Raj’s father clears his throat, glances again at his script.
“Our excellent DeltaV software by Emerson is the most up-to-date and ensures that our system runs evenly and without risk. Our Hitachi generator, while surplus indeed, is in top condition and operating well under spec. At three-quarters throw we will produce its full sixty-six megawatt output. Well beyond the needs of the ICSD. Allowing us to make our excess energy available to the citizens of the BMC. Beyond the industrious and varied people that live here, raw energy is our greatest resource.”
He shifts again, putting the reactor in the background once more, and the potbellied fighter, wearing something that looks like a police uniform, khaki shirt, epaulets, peaked cap, joins him.
“We will build no walls or fences to define our territory. Our desire is to exist as a civic sister to glorious Bombay. Our friends from the eastern forests have joined us as a peacekeeping force. Unrest is not our friend. Dharavi has long thrived on diversity and openness. The ICSD continues those traditions. Émigrés of all races and religions are welcome to visit and apply for citizenship.”

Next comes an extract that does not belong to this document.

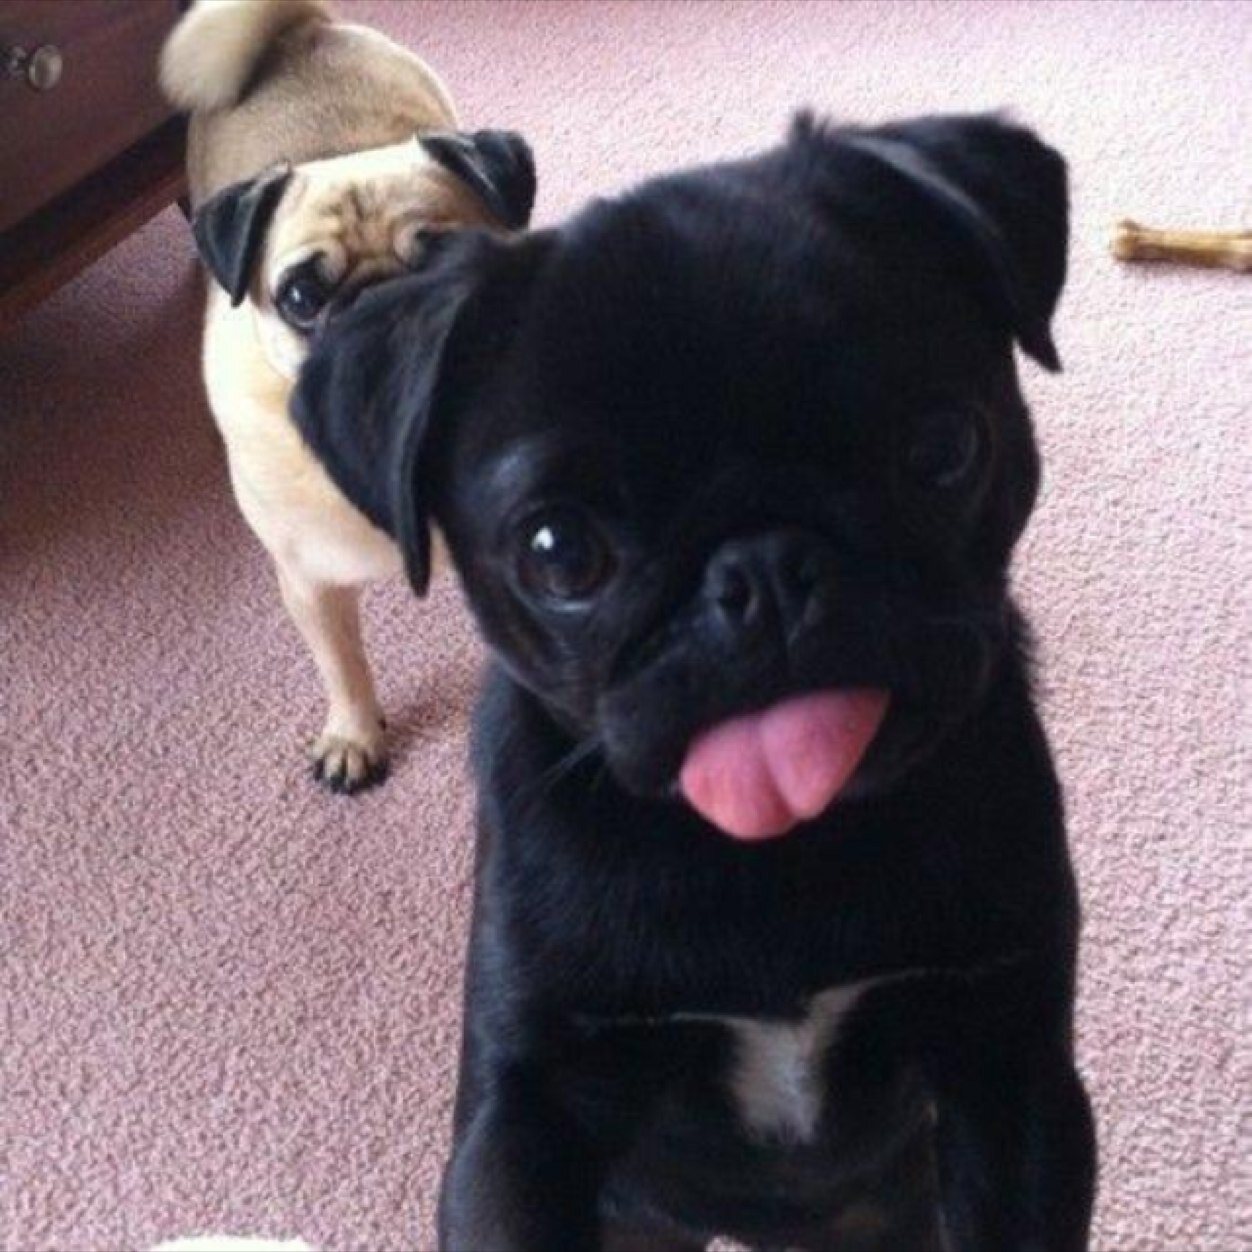 A black Pug standing up with its begging face and tongue out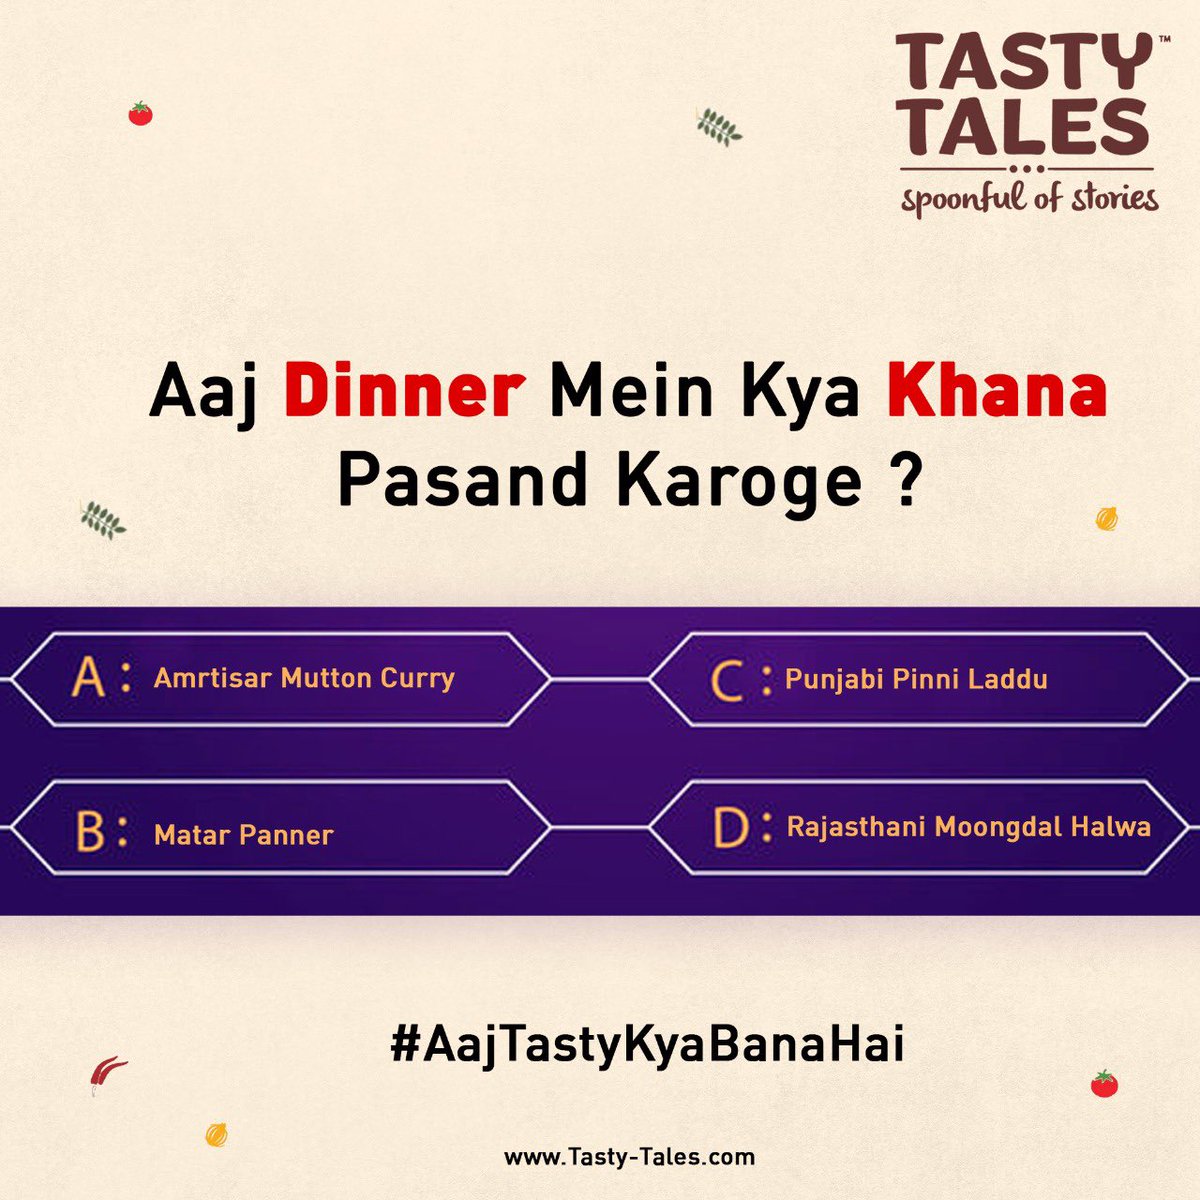 Vote for your favourite dish for dinner and comment below and we shall let you know what’s the most voted dish from our Tasty Tales Range. #aajtastykyabanahai #TastyTales #Spoonfulofstories #readytocook #readyin20mintues #DishesallaroundIndia #deliciousCurryPastes #Ordernow

He and the Naxalite revolutionary dressed like a cop shake hands, and the Naxalite smiles at the camera and steps out of frame.
Raj’s father looks at his script, then assumes a somber countenance.
“For those of you who are thinking that we are idealists and fools, I say you are half right in this. Yes, we are idealists, but no, we are not fools.”
He folds his script away.
“We will not allow our rights as citizens of the world, our very humanity, the dreams we have for our children, to be contracted. We will not stand by, impotent, while great powers absolve themselves of great responsibility. We will not wait in blind faith for eyes and ears to be turned our way when we are in greatest distress. Silence and invisibility are the enemies of survival. If we are not known, we can be allowed to die.”
He tips his head toward the reactor.
“So we have made a great noise.”
He steps slightly closer to the camera.
“With our load balanced across the BMC grid, there is no danger of overload on our generator and no risk that our reactor can go critical. If we are disconnected from the grid, our load will unbalance and there will be unfortunate consequences. Likewise, as long as water pours from the water mains we have breached and into our cooling tank, we can safely maintain core temperature.”
He points west.
“In our next video I will take you on a tour of our Number Two Shed and show you the cooling towers. We will also soon publish online the full specifications for our equipment and infrastructure so that the people of the world can be certain that we are operating a first-class power plant. Once we are certain of our political stability, we will invite observers to inspect our facilities and confirm their operational capacity and fitness.”
He stops talking. The cameraman rolls a finger in the air.
Raj’s father takes off his glasses, rubs his eyes, puts the glasses back on.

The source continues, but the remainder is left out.